Le 23 février 2024, après avoir percuté un immeuble de l’Upper West Side, Flaco est mort.
Mais l’histoire qu’il a écrite, elle, continue de planer dans les rues de New York comme dans les images et le livre qu’en ont tirées deux photographes passionnés, Jacqueline Emery et David Lei et auquel PetaPixel consacre un bel article.
Un hibou au milieu des buildings

Tout commence par une fuite qui n’aurait jamais dû être possible : un vandale découpe le grillage de l’enclos du hibou grand-duc, qui s’échappe alors dans la nuit. À 13 ans, sans jamais avoir chassé ni volé librement, Flaco se retrouve parachuté dans la jungle urbaine.
Contre toute attente, il apprend vite. Il chasse dès la première semaine, gîte dans les arbres du parc, s’installe.
Très vite, une communauté de passionnés à jumelles, d’ornithologues et de photographes se constitue autour de lui. Les « Flaco-watchers » donnent sa position en temps réel, comparent les clichés, échangent sur Twitter. Il faut dire que le sujet est photogénique. Improbable. Immense. Et parfaitement urbain.

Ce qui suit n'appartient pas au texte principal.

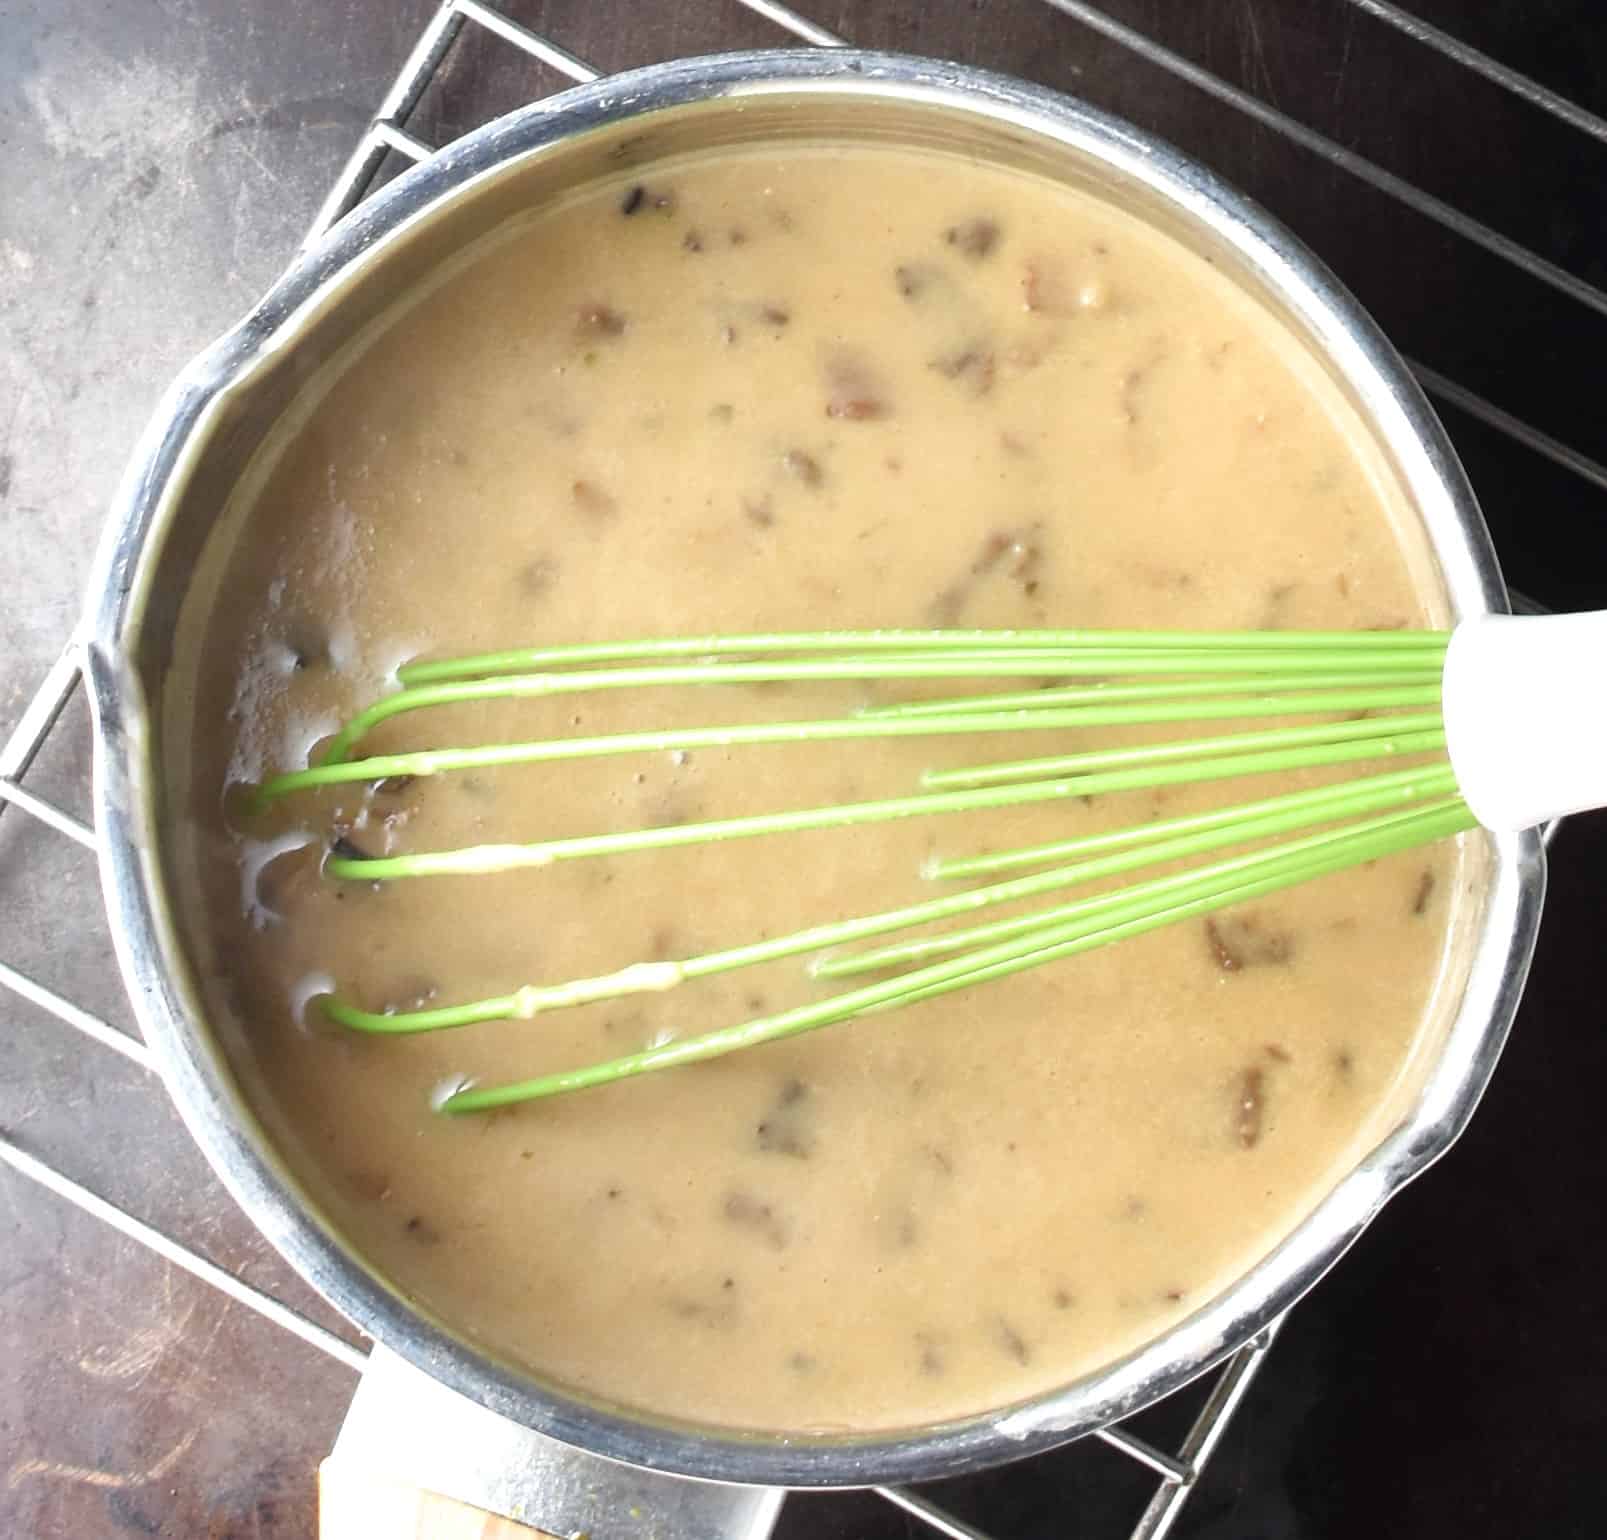 Creamy sauce with finely chopped wild mushrooms  in pan with whisk.

Flaco pose sur les bancs de Central Park, les grues de chantier, les corniches d’immeubles. Il survole la 5e avenue, se planque derrière les vitres teintées des bâtiments, s’offre en contre-jour sur les toits au crépuscule.
Un livre pour raconter une année d’émerveillement
De cette année à ses trousses, Jacqueline Emery et David Lei ont tiré un ouvrage touchant, Finding Flaco: Our Year With New York City’s Beloved Owl, mêlant témoignages, réflexions et plus de 200 photos. Le projet est né presque dès la fuite du rapace. Ils l’ont suivi plus de 150 soirs d’été et matins d’hiver. Ils ont appris ses routines, reconnu ses cris, deviné ses perchoirs préférés.

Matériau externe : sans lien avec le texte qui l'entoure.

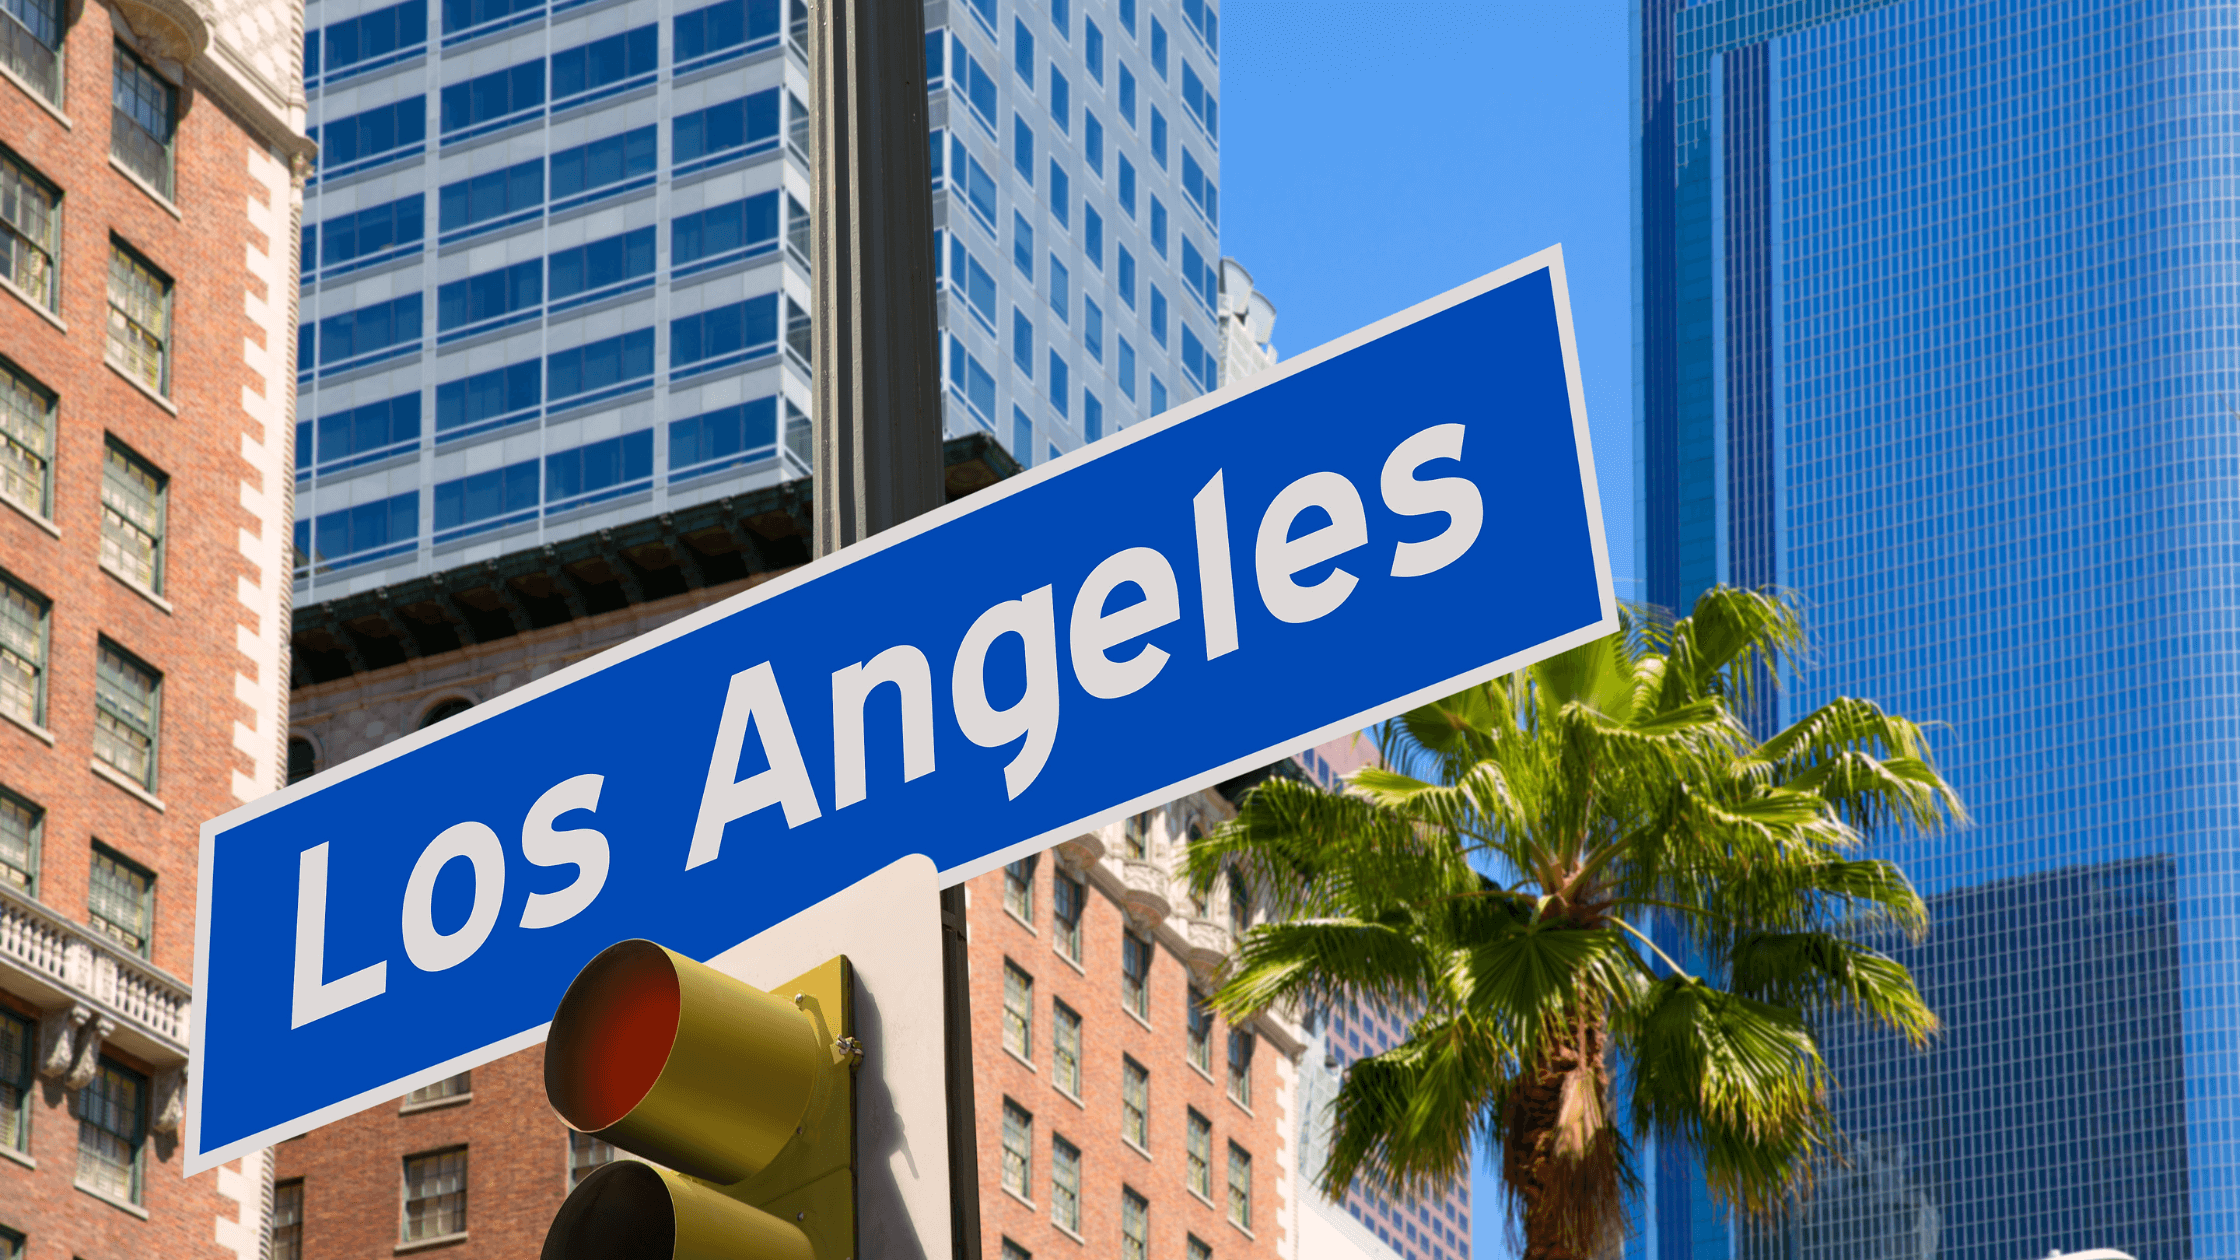 Los Angeles street sign "sell your Buick in Los Angeles

Leur livre raconte tout cela : la peur des débuts, l’admiration devant sa faculté d’adaptation, le choc de sa disparition. Mais aussi la beauté de ses apparitions, le plaisir de le photographier en pleine chasse ou immobile dans la lumière des réverbères. La complicité qui naît, aussi, quand on photographie toujours le même individu. Ils jurent qu’il les reconnaissait. Et peut-être qu’il posait un peu pour eux ?

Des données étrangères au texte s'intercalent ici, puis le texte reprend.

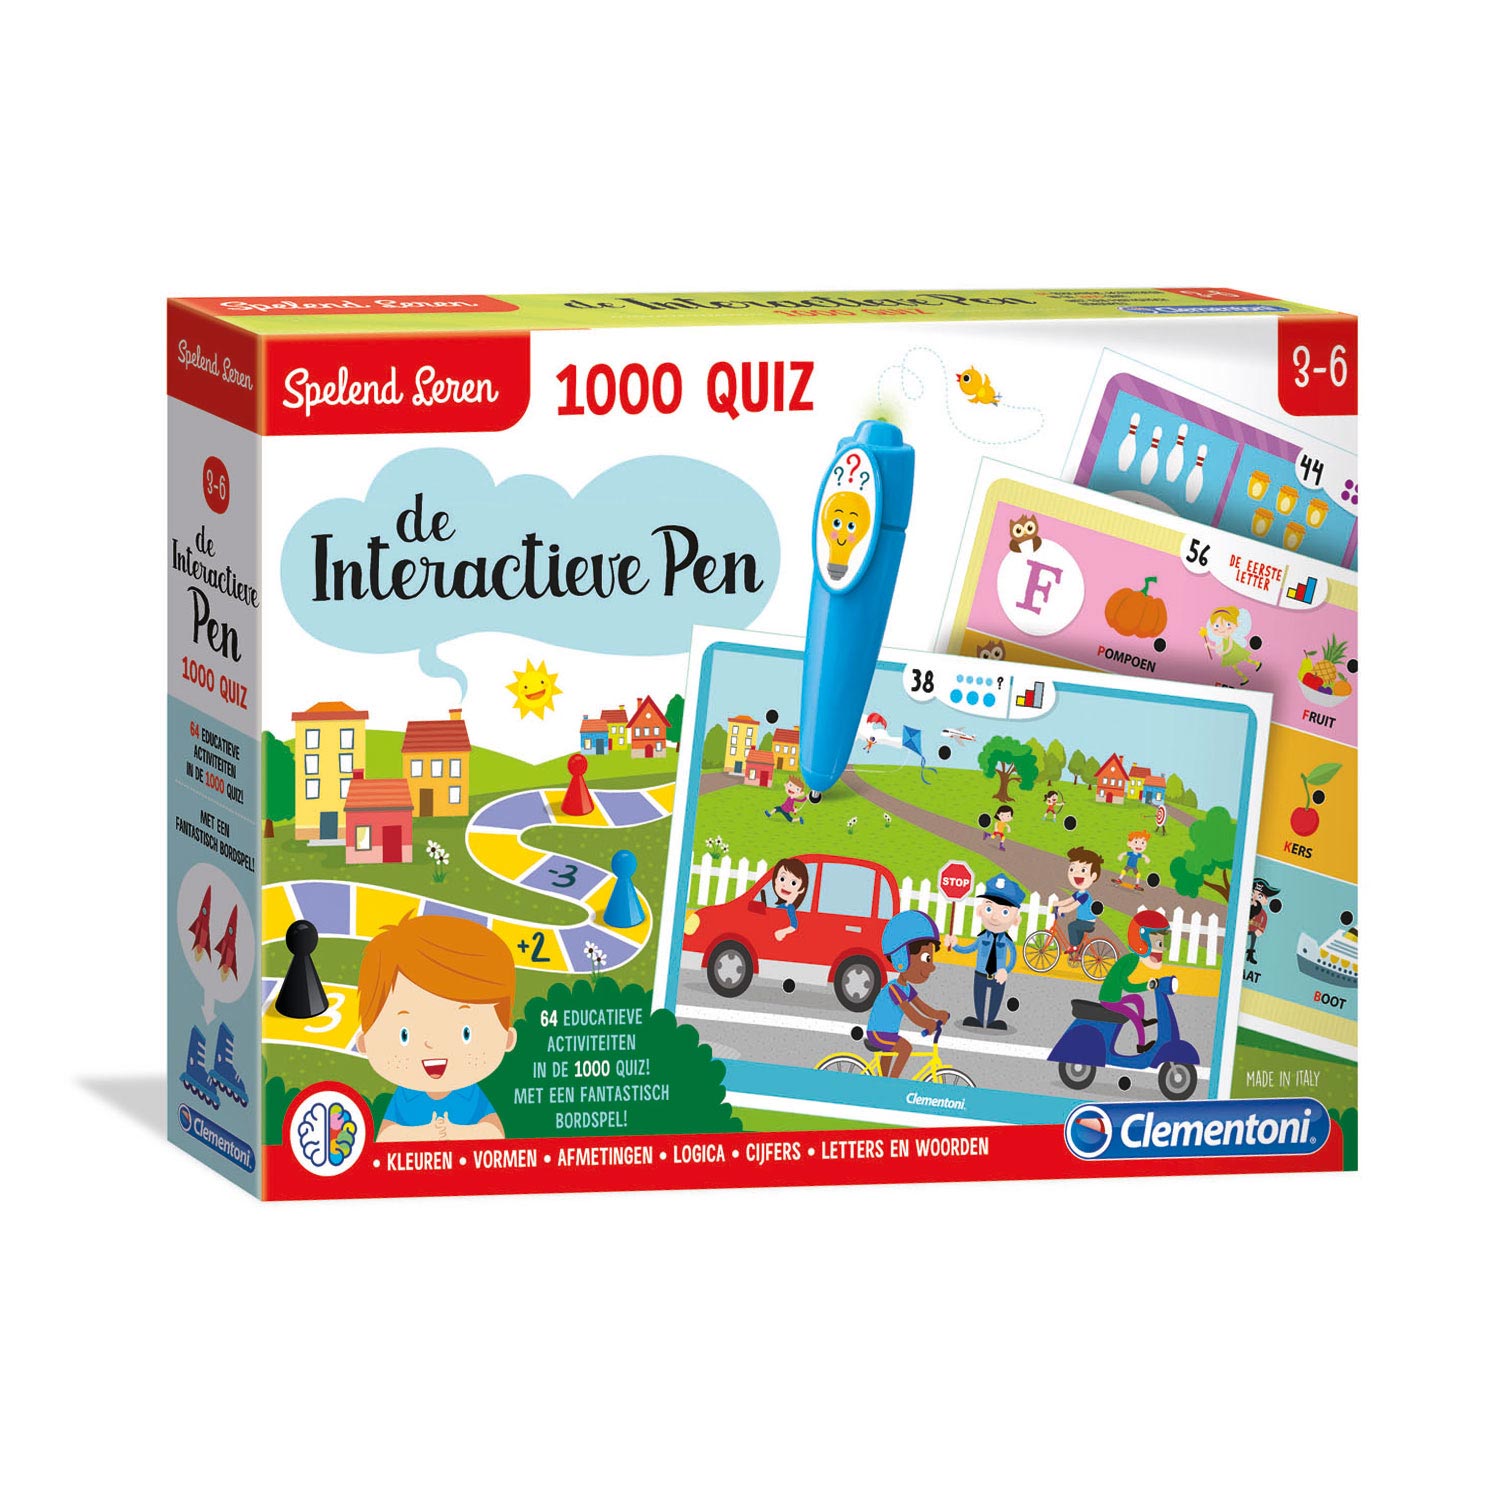 PAW Patrol Chase, Skye, Marshall and More! – Quiz it Pen 4-Book

Photographier Flaco : entre défi technique et lien intime

Photographier un hibou nocturne en pleine ville, ça demande du métier. Emery et Lei ont utilisé des boîtiers Sony A1 et A7 IV, des téléobjectifs allant jusqu’à 600mm f/4 et de solides trépieds. Le tout parfois déclenché à distance. Un équipement qu’on a plus l’habitude de déployer dans la tranquillité des campagnes et des forêts sauvages.
Les nuits sans lune, ils repéraient Flaco à l’oreille, à la jumelle thermique, ou à son ombre sur le béton. Le moindre cliché est une petite prouesse technique. Et un fragment de poésie sauvage.
Mais au-delà du challenge photo, Flaco a surtout créé un lien. Un lien avec les gens. Avec les photographes. Avec la ville. Une fascination douce, collective, presque mystique. On le voyait comme un fugitif, un résistant, un immigré à plumes dans une ville de béton. Il était devenu symbole : de liberté, de débrouille, de beauté urbaine inattendue.
Un héritage bien vivant
Flaco est mort, mais il laisse des traces. En images, en souvenirs, et jusque dans la loi. Trois textes ont été déposés à New York : pour interdire les produits rodenticides qui l’ont empoisonné, pour protéger mieux les oiseaux en ville, pour rendre hommage à ce survivant improbable. L’un d’eux porte son nom : le FLACO Act.
Le livre reverse d’ailleurs une partie de ses bénéfices à des associations de protection des oiseaux.
Un an de liberté. C’est peu, pour un grand-duc. C’est immense pour les citadins qui l’ont croisé. Il a rappelé que la nature ne demande parfois qu’une brèche pour reprendre sa place. Et qu’un hibou sur une grue de chantier peut susciter autant d’émotion qu’un concert à Carnegie Hall.
Flaco n’aura pas vécu vieux. Mais il a, le temps d’un détour imprévu, réenchanté New York.